This bamboo material will be used for mats as a base foundation and piles. Access to transportation of bamboo to the full-scale test site using the Landak River and Kapuas River transportation facilities. The reinforcement system is very useful for creating additional floating forces to reduce the effect of immediate load and for the peaty clay layer to consolidate gradually. The contribution of floating stress of bamboo mat and pile is expected to be completed when the stabilized peaty clay soil has reached a degree of consolidation or (U) closing to 100%.

Field implementation was helped by heavy equipment (excavator) and truck for solid waste material transport from the biomass power plant to the site. This bamboo mat will be modeled as a continuous beam. The parameters needed in modeling the bamboo mat and pile are the flexural stiffness (EI) and the axial stiffness (EA), respectively. The inertia moment of the bamboo pile can be calculated as follows:

$I=\frac{1}{64} \pi\left(D^4-d^4\right)$         (1)

where, D is the outer diameter of bamboo; d is the inner diameter (d equals Dt); t is the thickness of bamboo. On the simulation software program, the thickness of the beam (as a bamboo mat) will calculate automatically as an equivalent thickness (de):

$d_e=\sqrt{12 \frac{E I}{E A}}$            (2)
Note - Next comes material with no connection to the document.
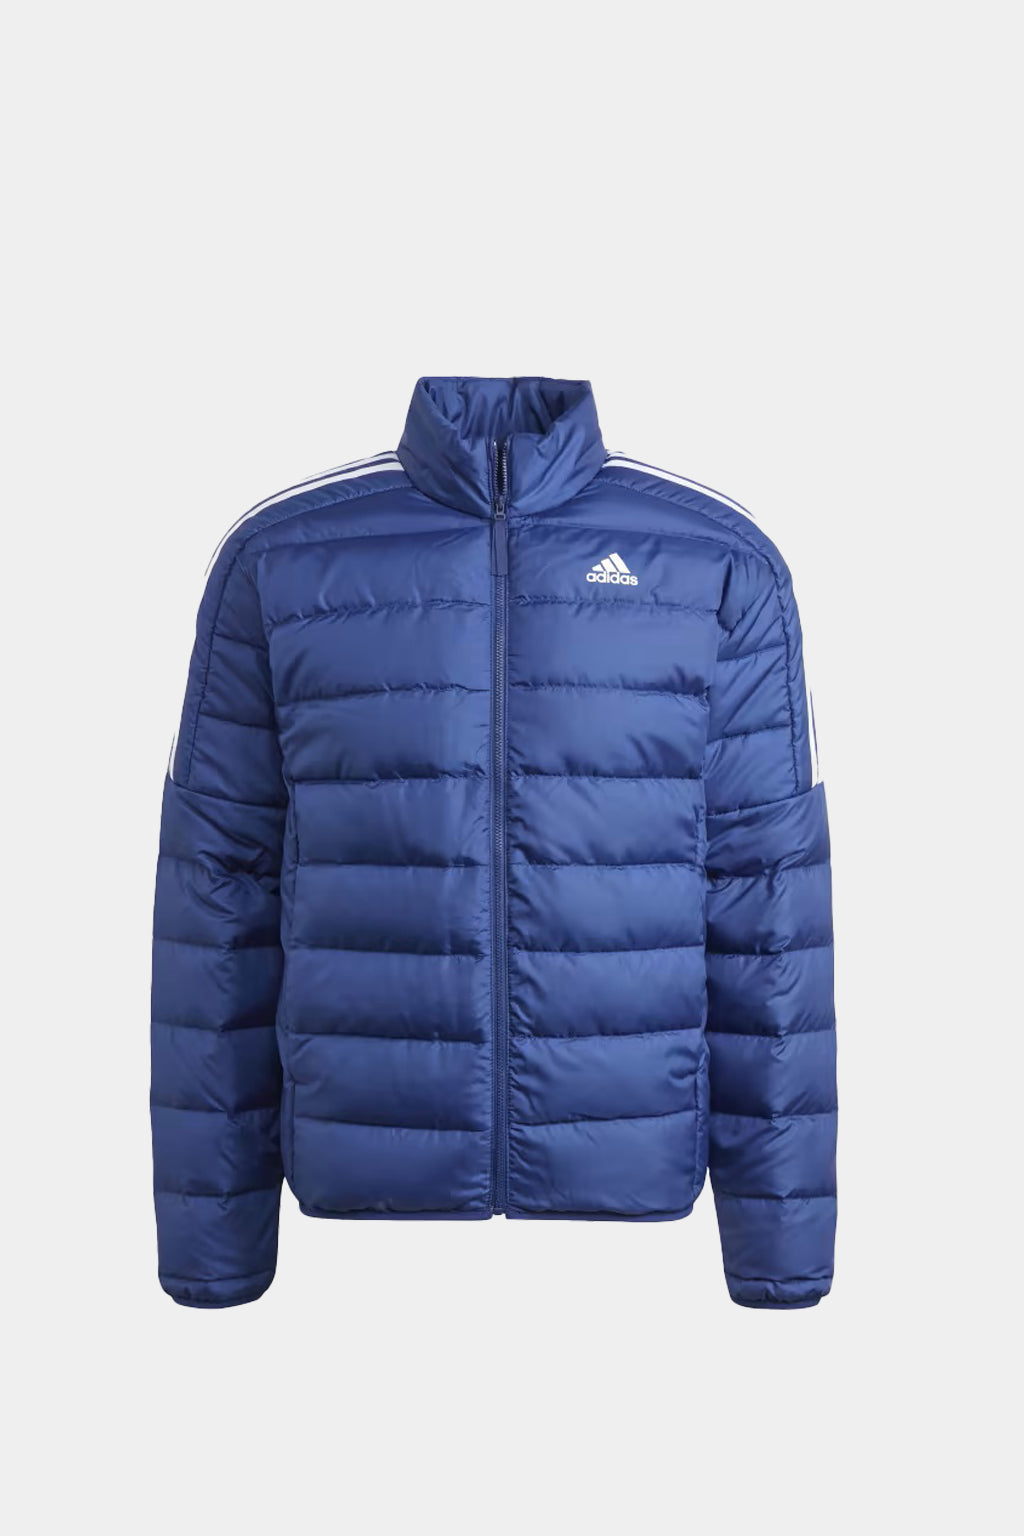 Adidas - Terrex Ess Down Jacket

The bamboo pile bearing capacity calculation is the same as the bearing capacity for the piling system. All formula for bearing capacity is determined by some references [21]. Bearing capacity can be defined from:

$Q_u=Q_b+Q_s$               (3)

where, Qu is the ultimate capacity of the pile, depends entirely on the load-bearing capacity of the underlying material; Qb is the load carried at the pile point; and Qs is the skin friction developed at the side of the pile (caused by shearing resistance between the soil and the pile).

Furthermore, when the water content is less than 100% on each layer of peaty clay, the next problem is spreading the solid waste material layer by layer on the bamboo mat until it reaches the designed elevation. The number of bamboo layers in the mat and pile system was determined using geotechnical software (Geostudio and or PLAXIS) simulation and used the parameter of peaty clay after stabilized by solid waste that depended on the maximum dry weight volume ($\gamma_{dmax }$) and optimum moisture content ($w_{o p t}$ or OMC). And the monitoring system immediately must be conducted after the material spreads at the field to measure over settlement and lateral movement, landslide, or pore water pressure. The monitoring system devices will use the settlement plate, inclinometer, and piezometer during the preloading process on each layer by layer. The position of each instrument must be arranged to cover the results of full-scale measurement at the field. Data reading for each instrument is scheduled every 2 days. A prefabricated horizontal drain (PHD) was only used during implementation at the field to reduce the waterlogging and vertical seepage from the upper ground surface and has no contribution to increasing the settlement rate. Reschedule works must be changed if there are some force majeur conditions due to over settlements, over lateral movement (recorded data from inclinometer), over pore water pressure (recorded data from piezometer), and over height water level from the alteration of tidal.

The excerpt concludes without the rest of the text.